Open hy00nc opened 1 month ago

hy00nc commented 1 month ago

Do we have plan to extend ttlsSecondsAfterFinished to the MPIJob-level, not just the launcher?

alculquicondor commented 1 month ago

do you mean that you want to keep the pod objects until the ttl finishes?

Or do you want to keep them running?

hy00nc commented 1 month ago

@alculquicondor, thanks for the reply. I want the mpijob resource itself to be deleted after ttl, just like how ttlSecondsAfterFinished works in MPIJob V1. In the current implementation, it remains uncleaned until deleted explicitly, right?

alculquicondor commented 1 month ago

oh, gotcha.
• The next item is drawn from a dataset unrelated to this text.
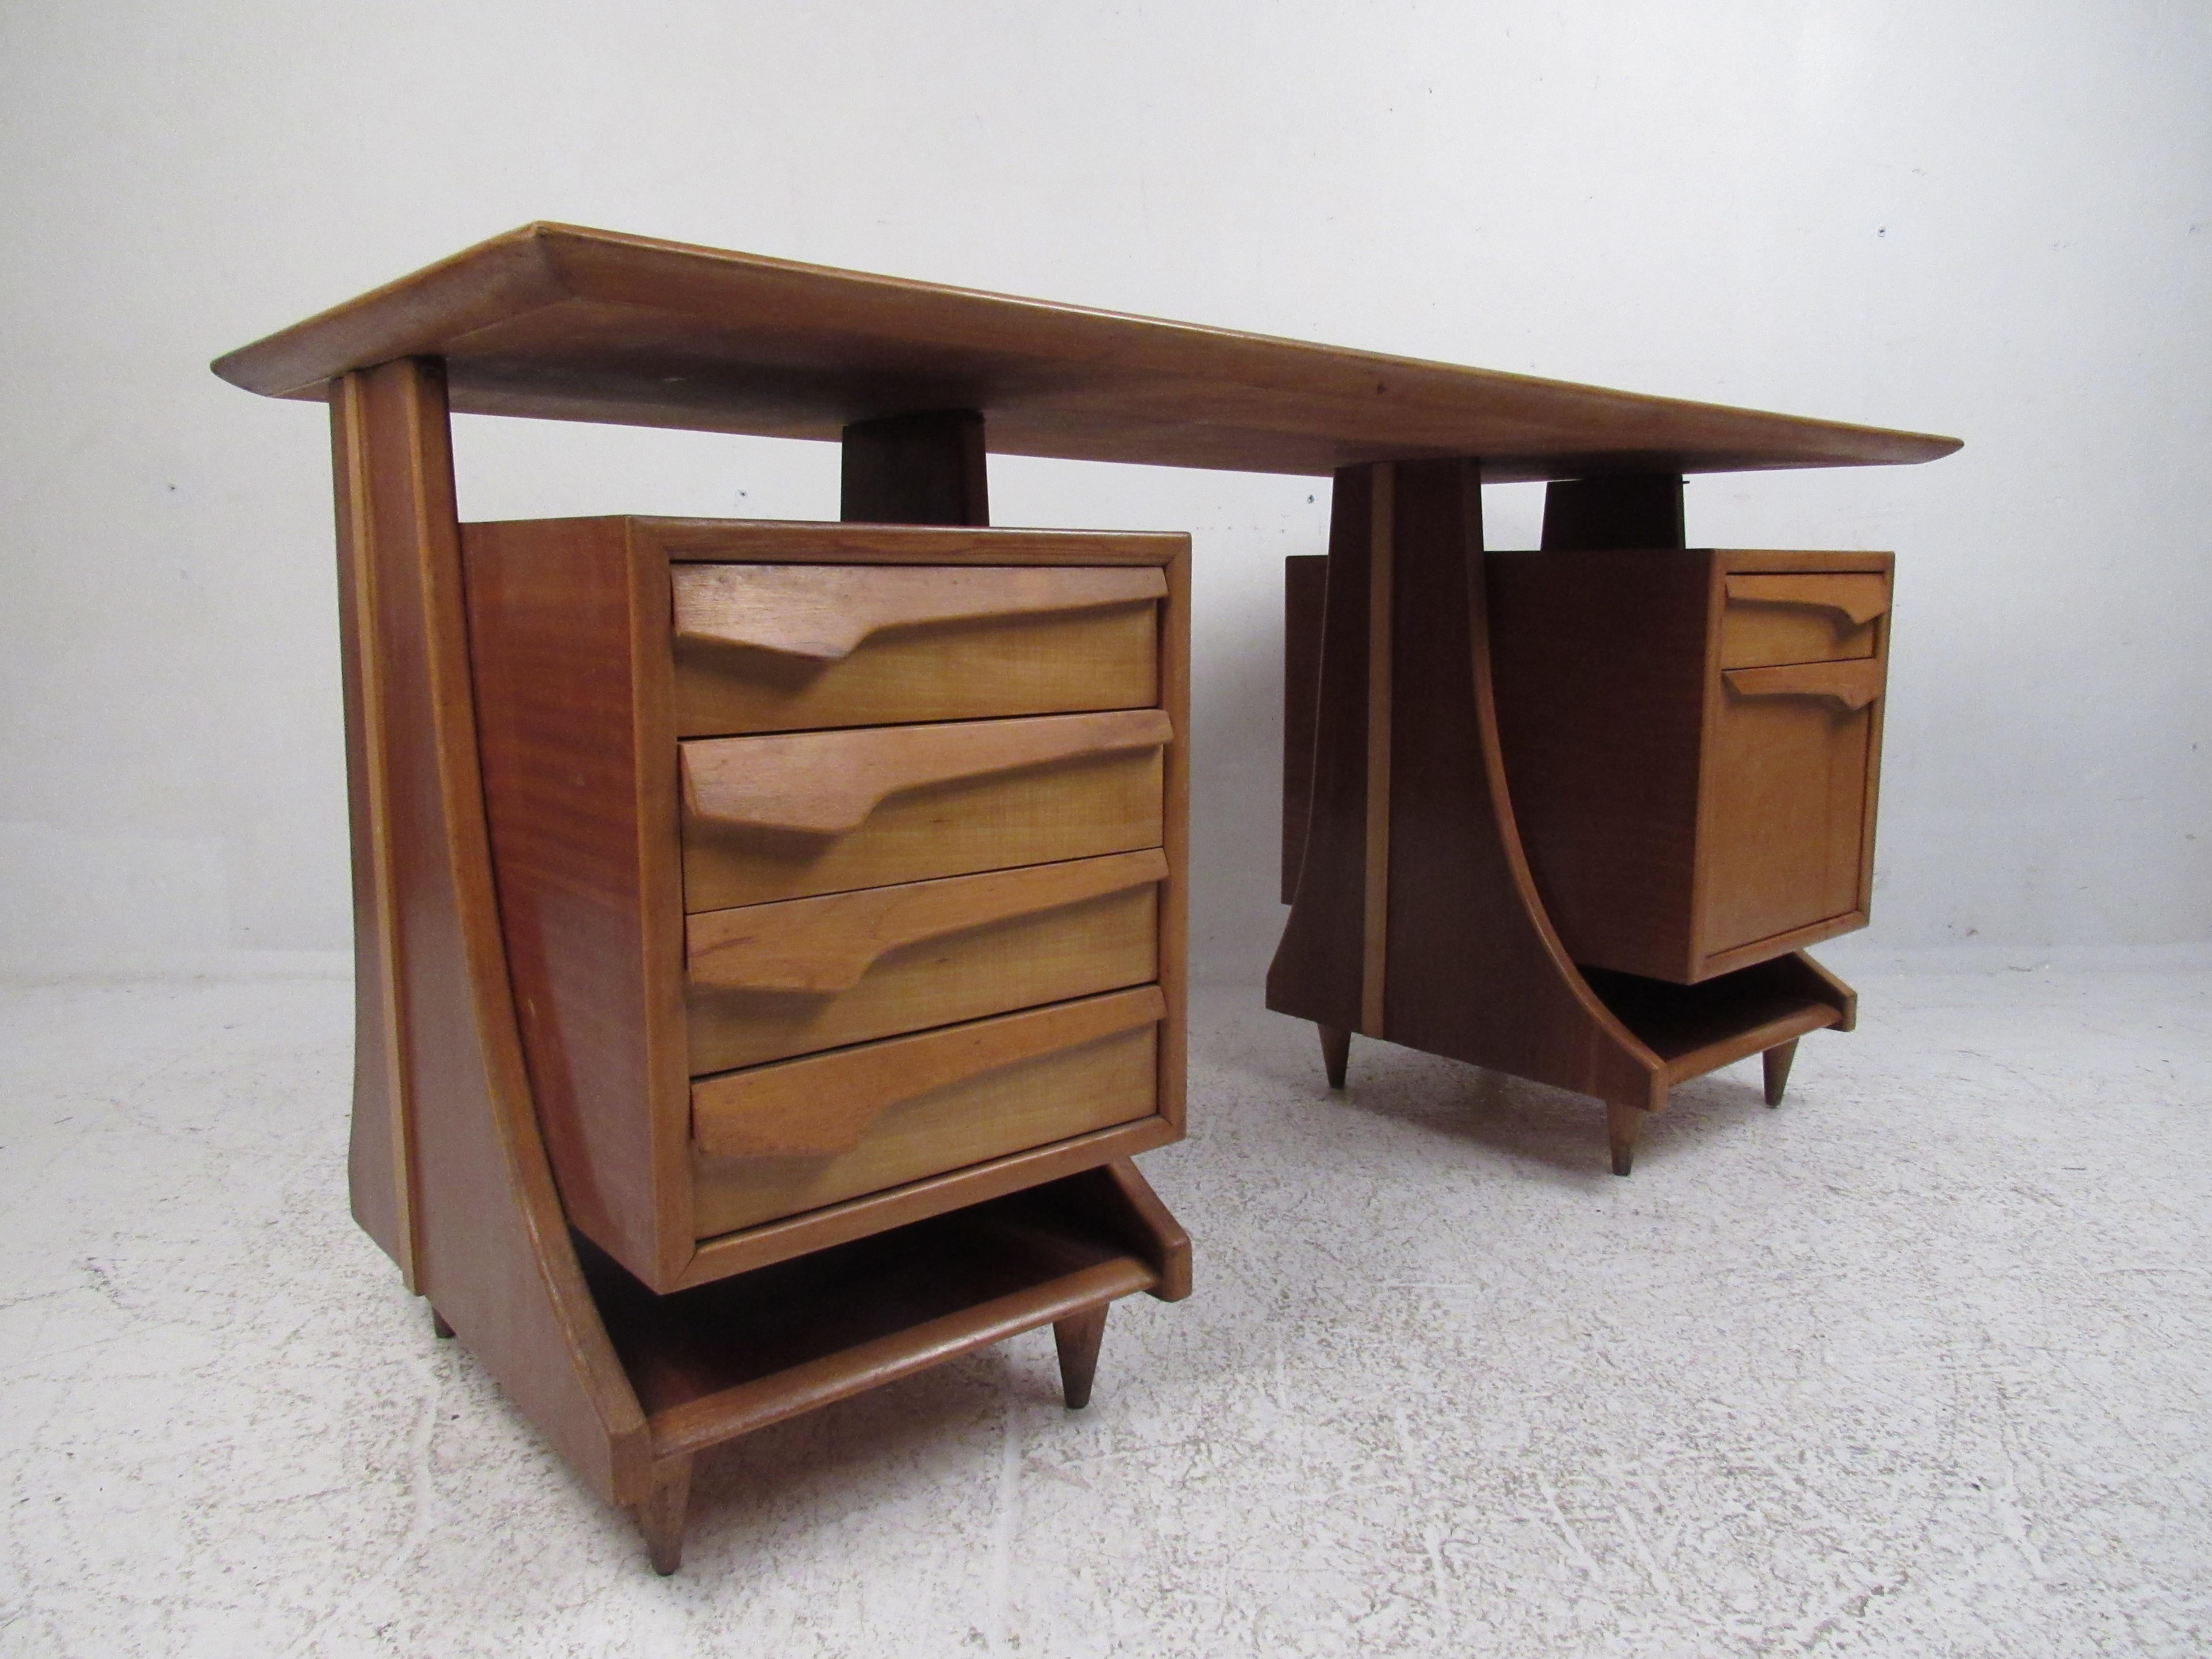 This beautiful vintage modern Italian desk features a floating top, sculpted drawer pulls, and arched sides. A well-made case piece with a large curved drawer that opens sideways offering ample room for files. The large tabletop and spacious drawers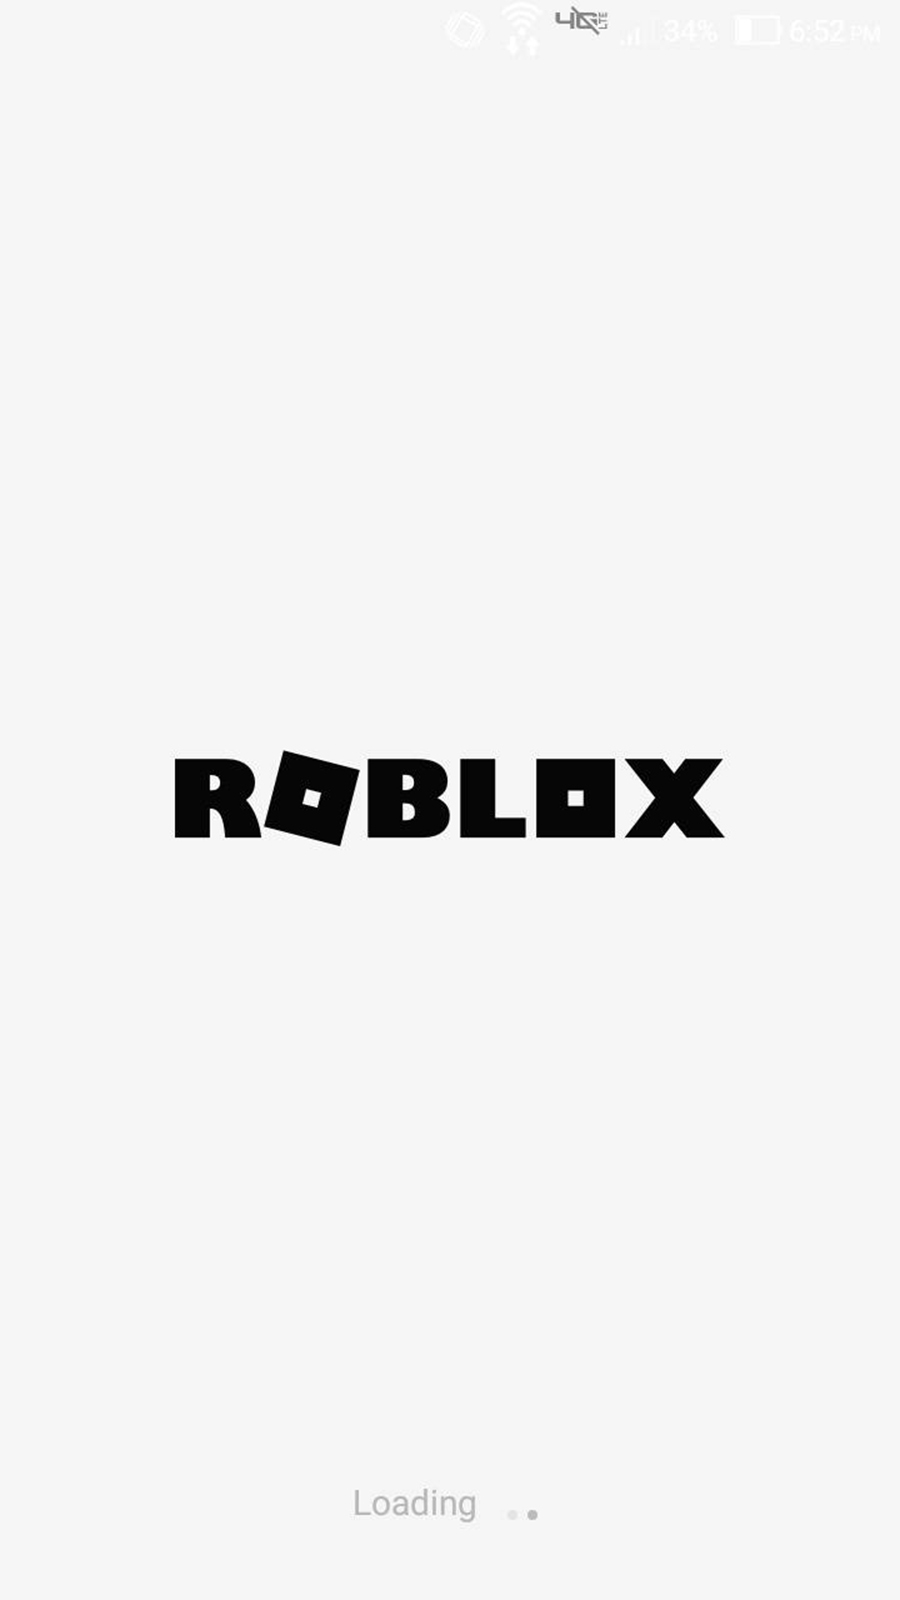 Roblox Roblox Game Wallpapers Now Download For Your Device Best Wallpapers - best roblox device

I don't know if that's how other Kubeflow APIs work. If they do, we can bring MPIJob back to parity.

tenzen-y commented 1 month ago

oh, gotcha. I don't know if that's how other Kubeflow APIs work. If they do, we can bring MPIJob back to parity.

Indeed, the other Jobs will be removed after ttlSecondsAfterFinished like this:

https://github.com/kubeflow/training-operator/blob/be5df91eb43e2fdfa1b0a7005f7aeb8cc3a52fb1/pkg/controller.v1/common/job.go#L428-L435

hy00nc commented 1 month ago

Would it make sense to extend activeDeadlineSeconds and backoffLimit as well? I guess these are also currently limited to launcher, but other kubeflow jobs apply it to the job-level.

alculquicondor commented 1 month ago

Those should be fine just in Job, because the launcher job is what controls the execution. If it finishes as Failed, the rest of the pods would terminate too, IIRC.